Problem details:
Write out every record below exactly as given. Leave the pictures out.

== Recorded data

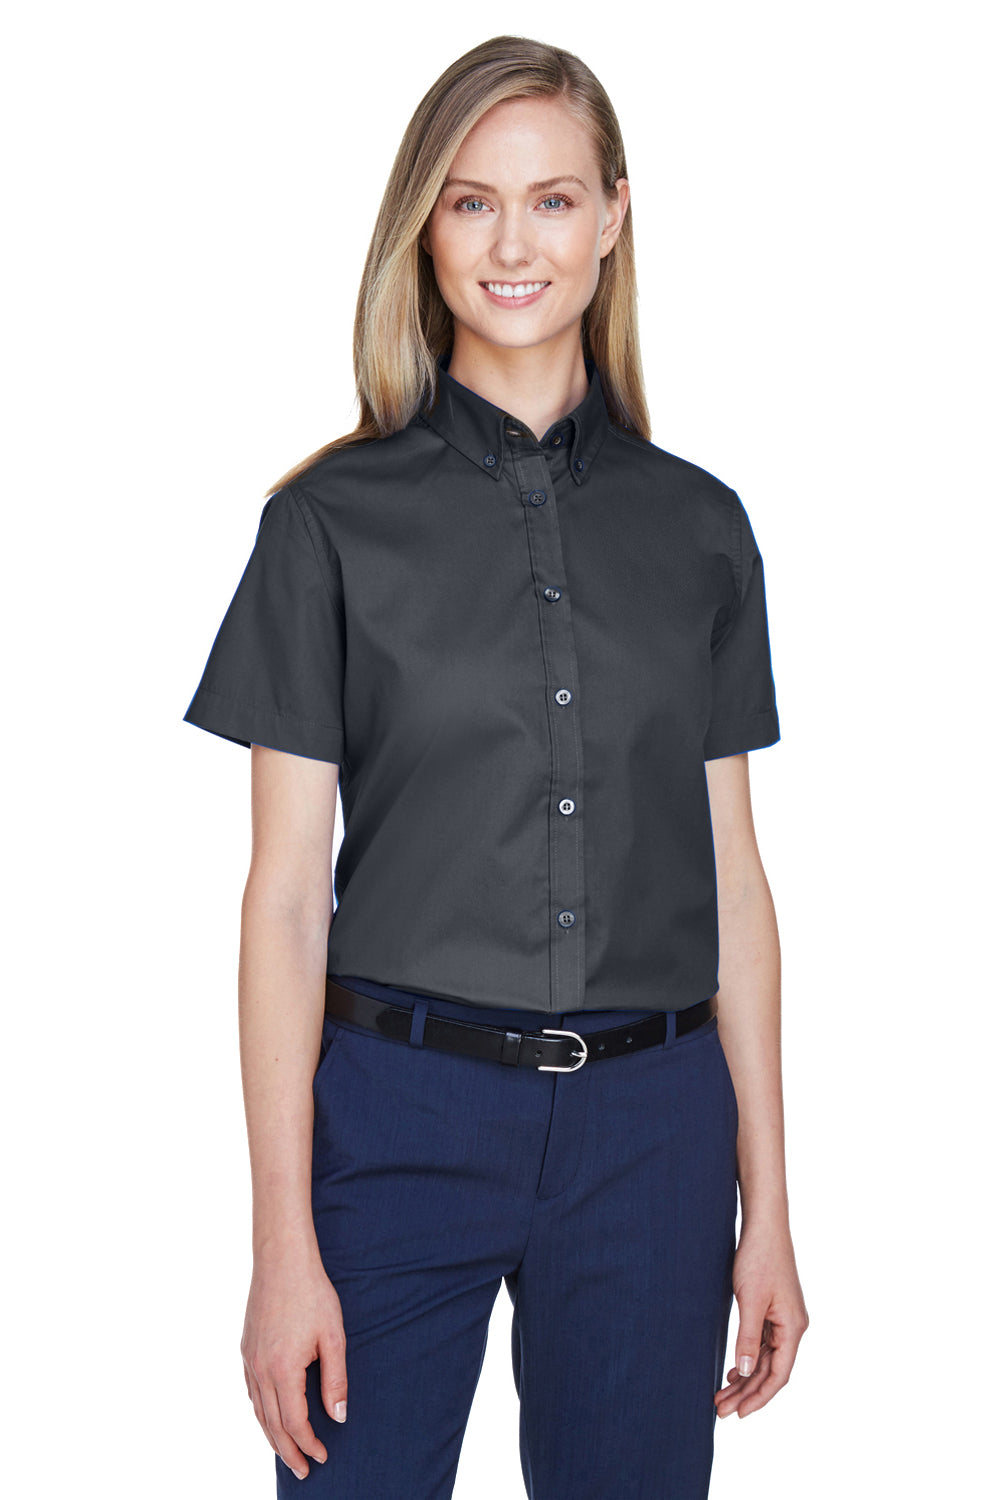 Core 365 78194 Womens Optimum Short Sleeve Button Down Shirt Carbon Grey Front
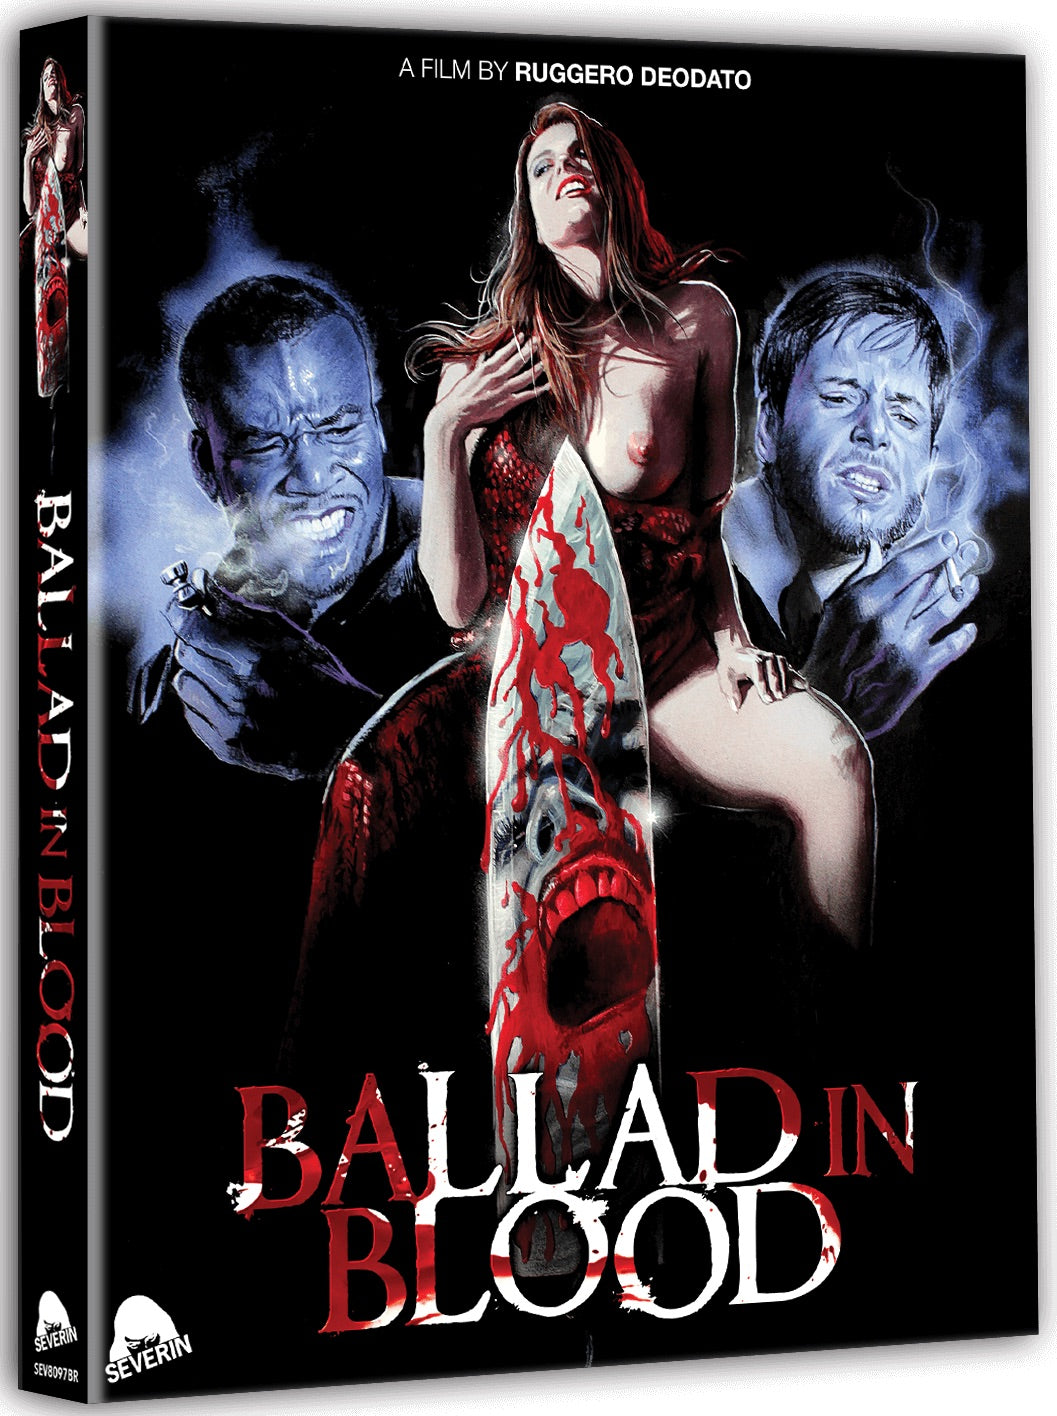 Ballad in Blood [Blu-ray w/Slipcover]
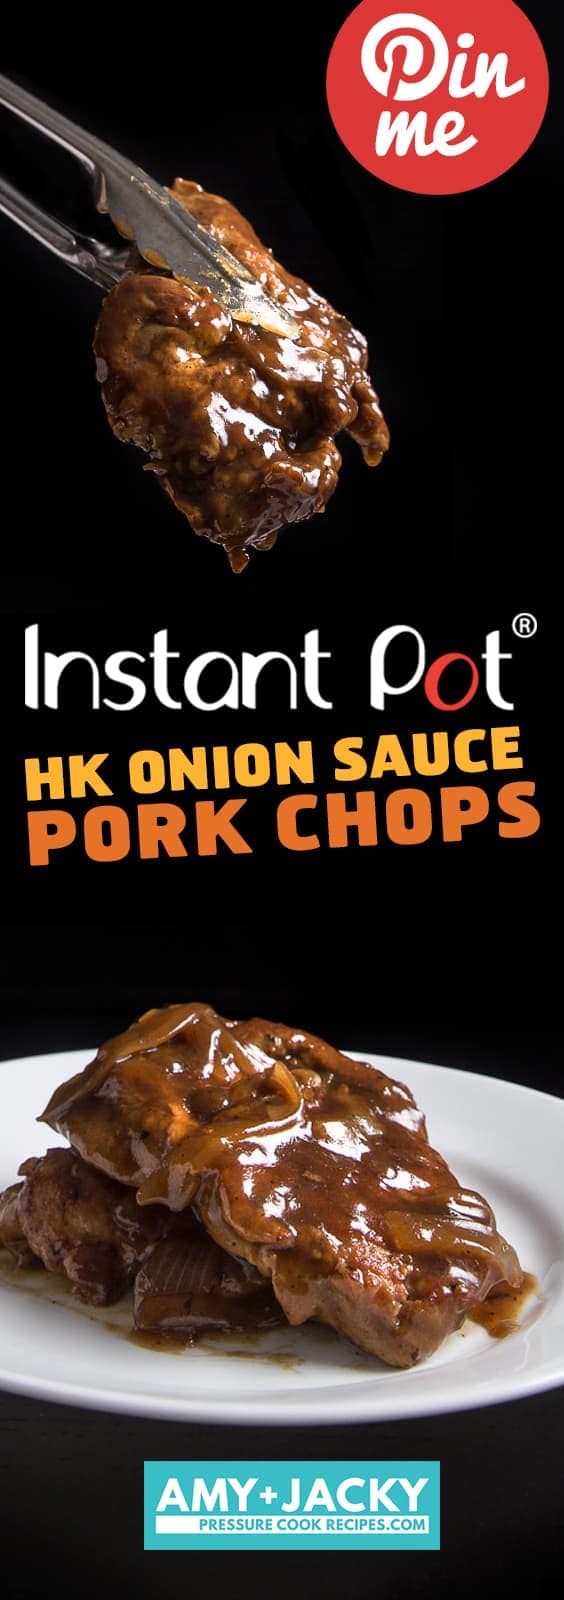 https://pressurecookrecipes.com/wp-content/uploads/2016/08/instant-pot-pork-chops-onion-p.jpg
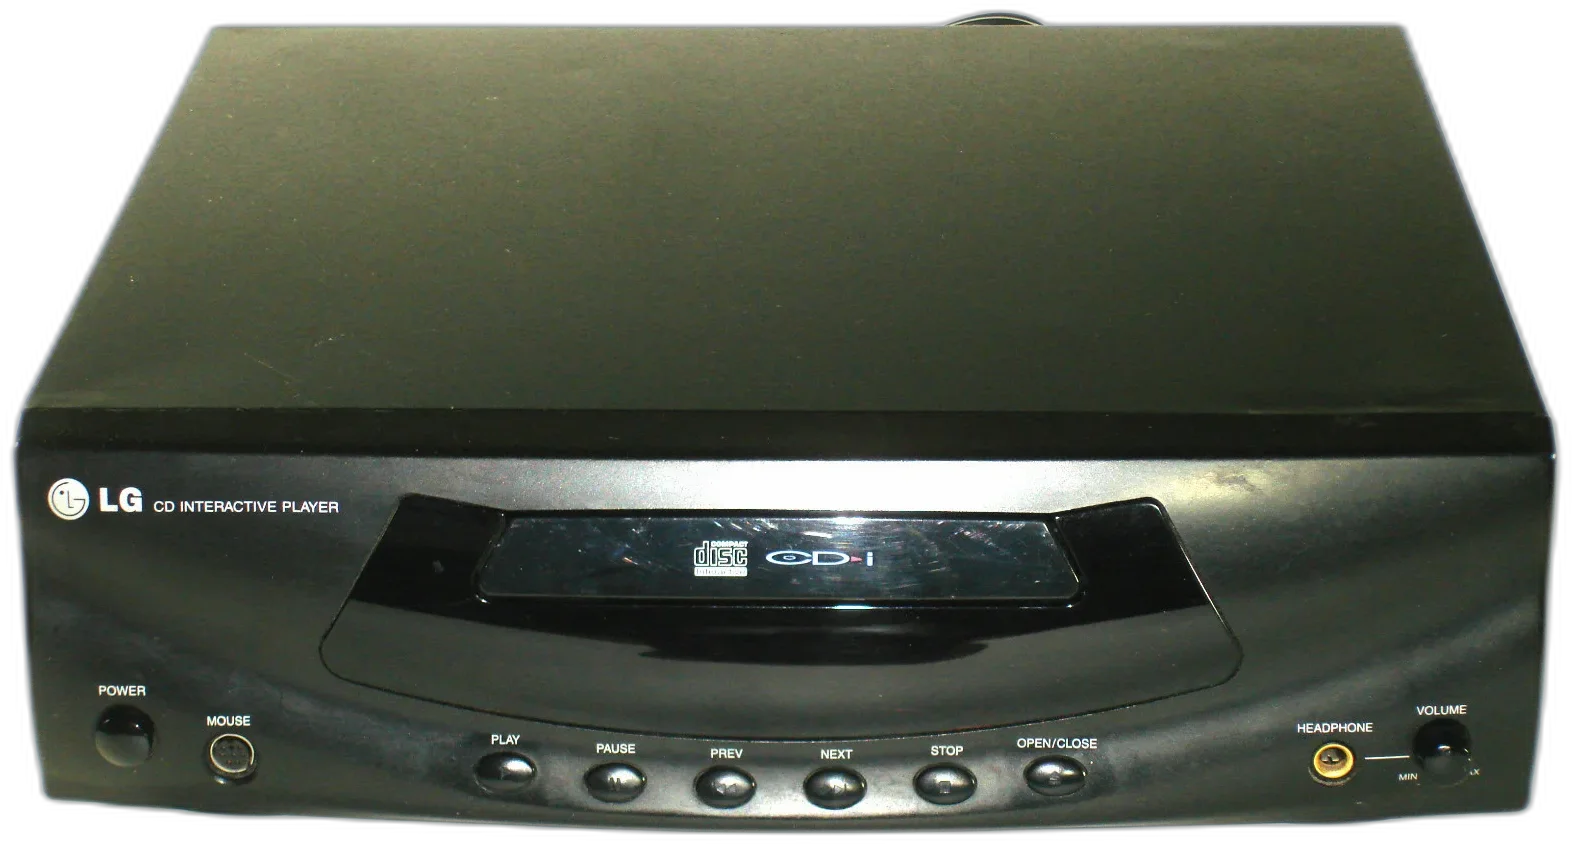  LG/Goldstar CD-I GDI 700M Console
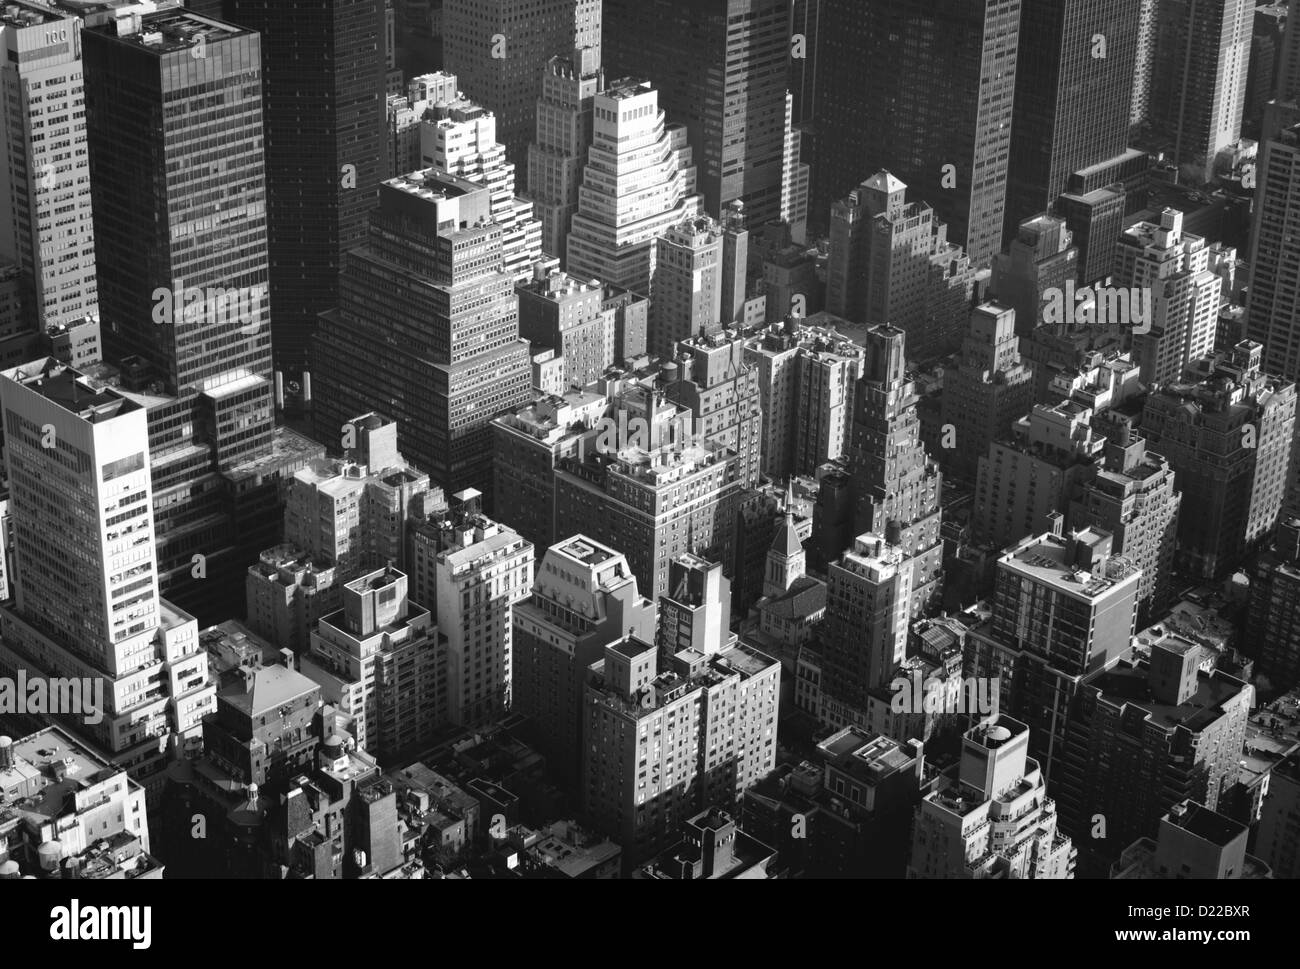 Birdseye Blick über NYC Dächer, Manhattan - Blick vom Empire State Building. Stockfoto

====

Problem solution:
 Core 365 78194 Womens Optimum Short Sleeve Button Down Shirt Carbon Grey Front
 Ballad in Blood [Blu-ray w/Slipcover]
 https://pressurecookrecipes.com/wp-content/uploads/2016/08/instant-pot-pork-chops-onion-p.jpg
  LG/Goldstar CD-I GDI 700M Console
 Birdseye Blick über NYC Dächer, Manhattan - Blick vom Empire State Building. Stockfoto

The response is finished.